WORK TO COMPLETE |
Copy the listing below in full and skip every picture.

SOURCE DATA |
+ + + + +

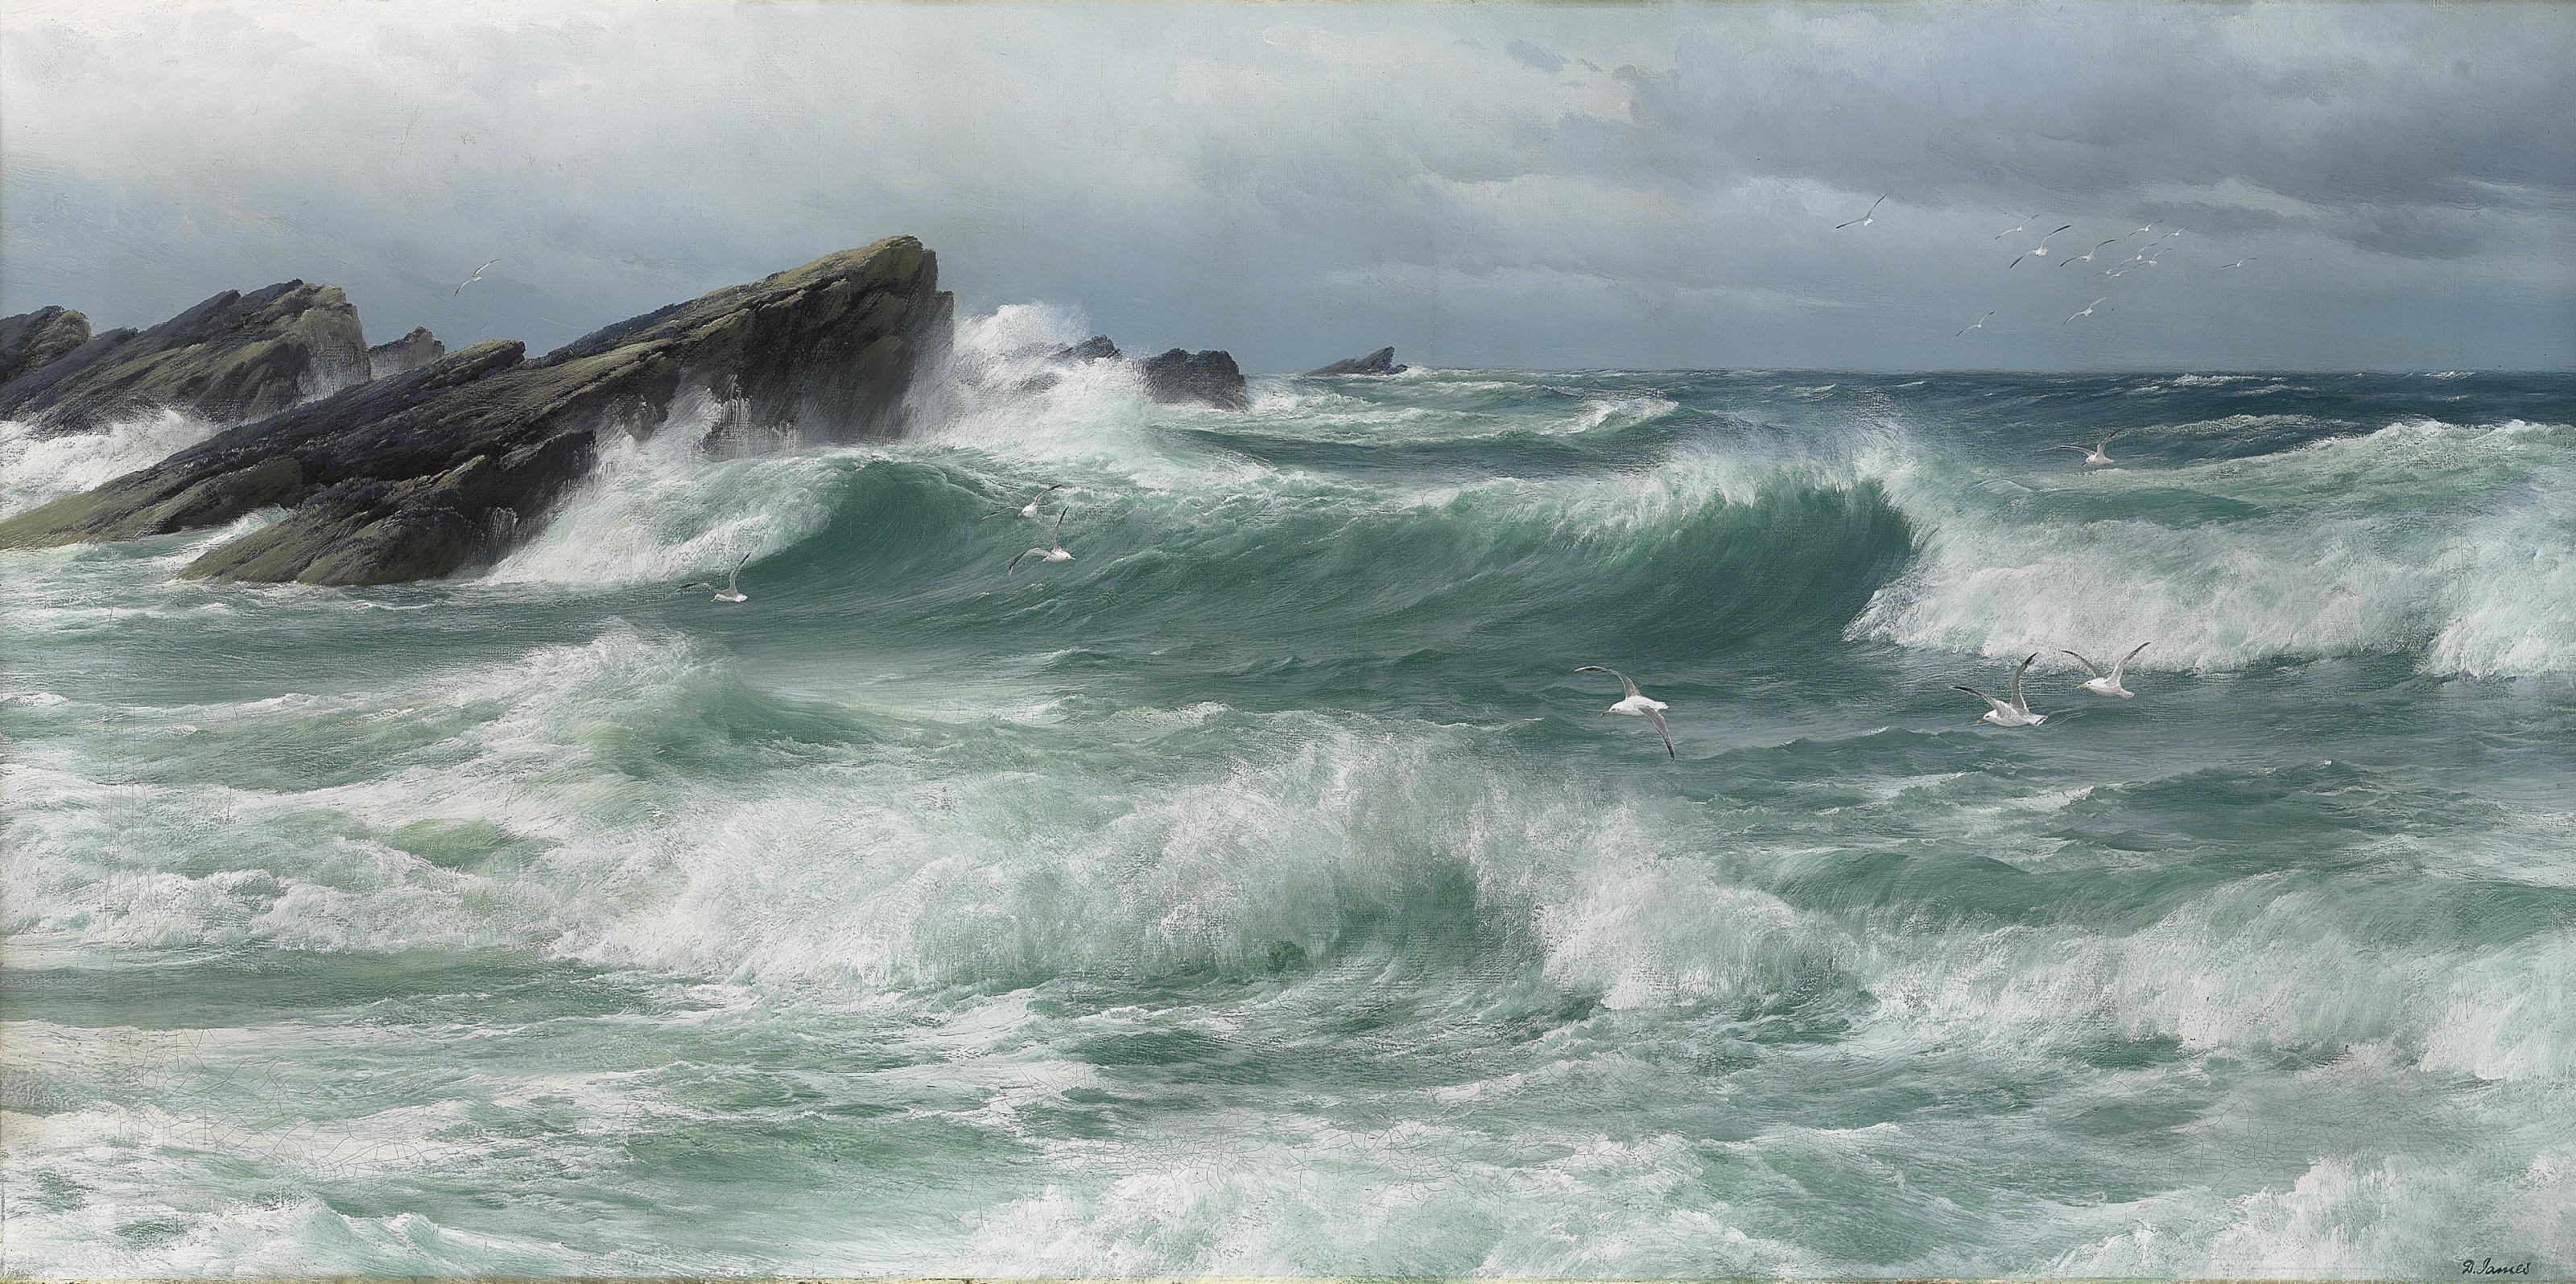 Waves breaking on a rocky coast
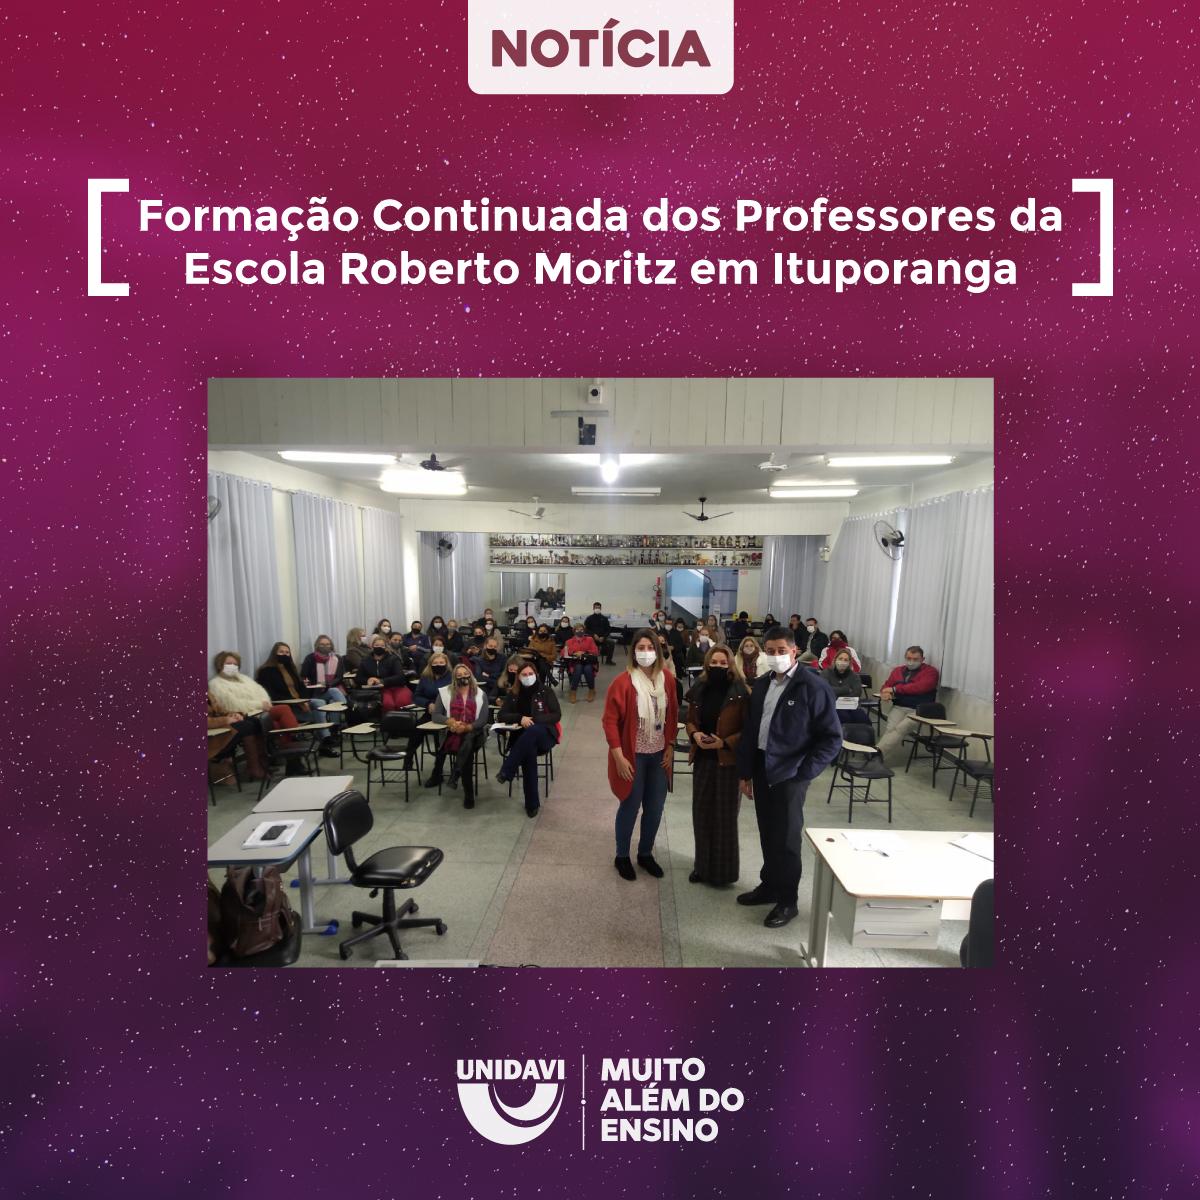 Unidavi esteve presente na Formação Continuada dos Professores da Escola Roberto Moritz em Ituporanga
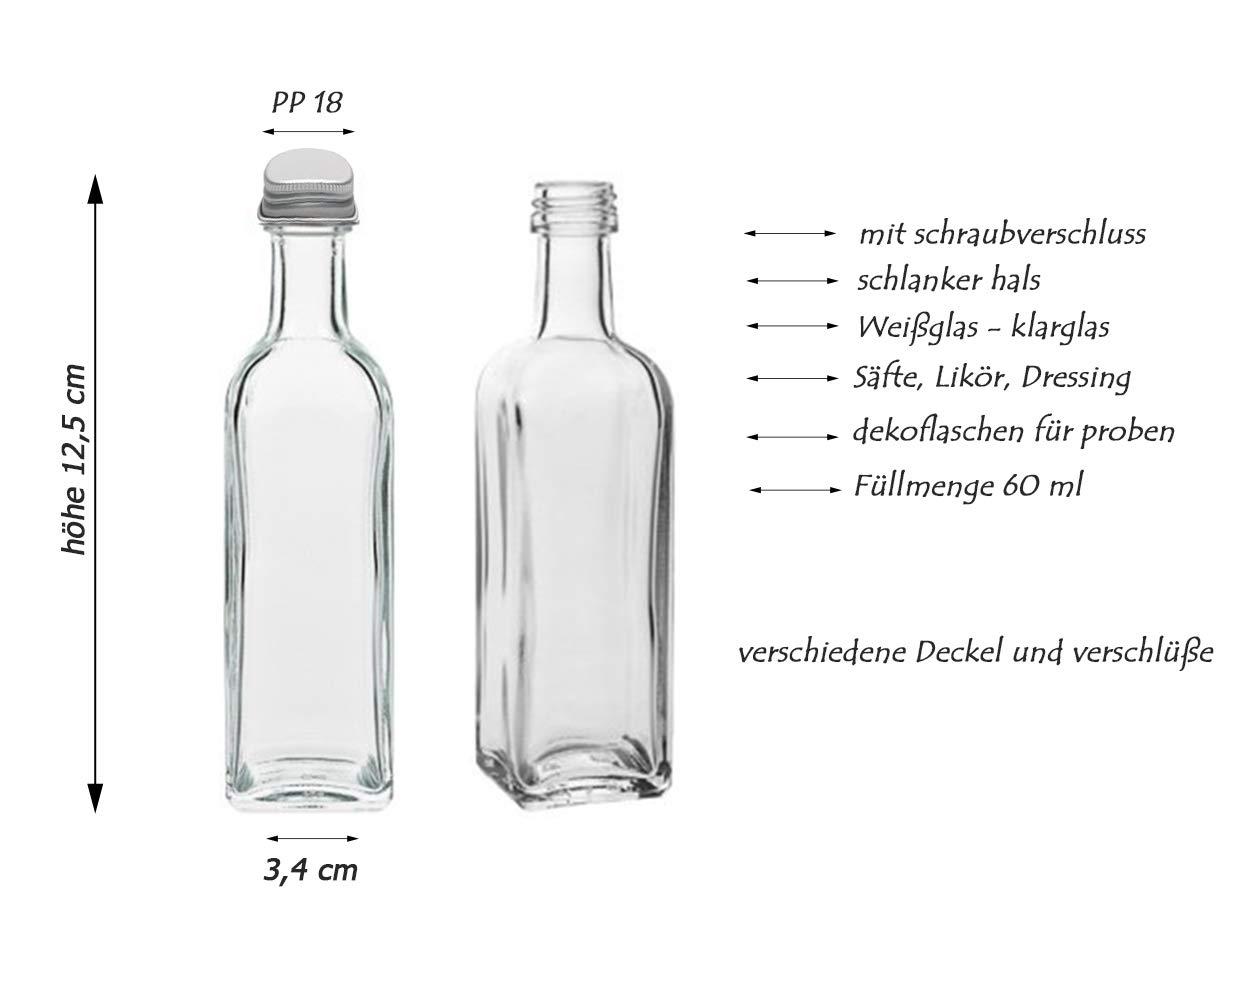 licor cantidad de llenado de 60 ml para botellas de zumo incluye Tap/ón de rosca cuadrado 6//810//16 piezas Juego de botellas de cristal Maraska de Hocz 8 unidades simplemente coloque su propio aceite. plata

+ + + + +

YOUR SOLUTION |
 Waves breaking on a rocky coast
 Unidavi esteve presente na Formação Continuada dos Professores da Escola Roberto Moritz em Ituporanga
 licor cantidad de llenado de 60 ml para botellas de zumo incluye Tap/ón de rosca cuadrado 6//810//16 piezas Juego de botellas de cristal Maraska de Hocz 8 unidades simplemente coloque su propio aceite. plata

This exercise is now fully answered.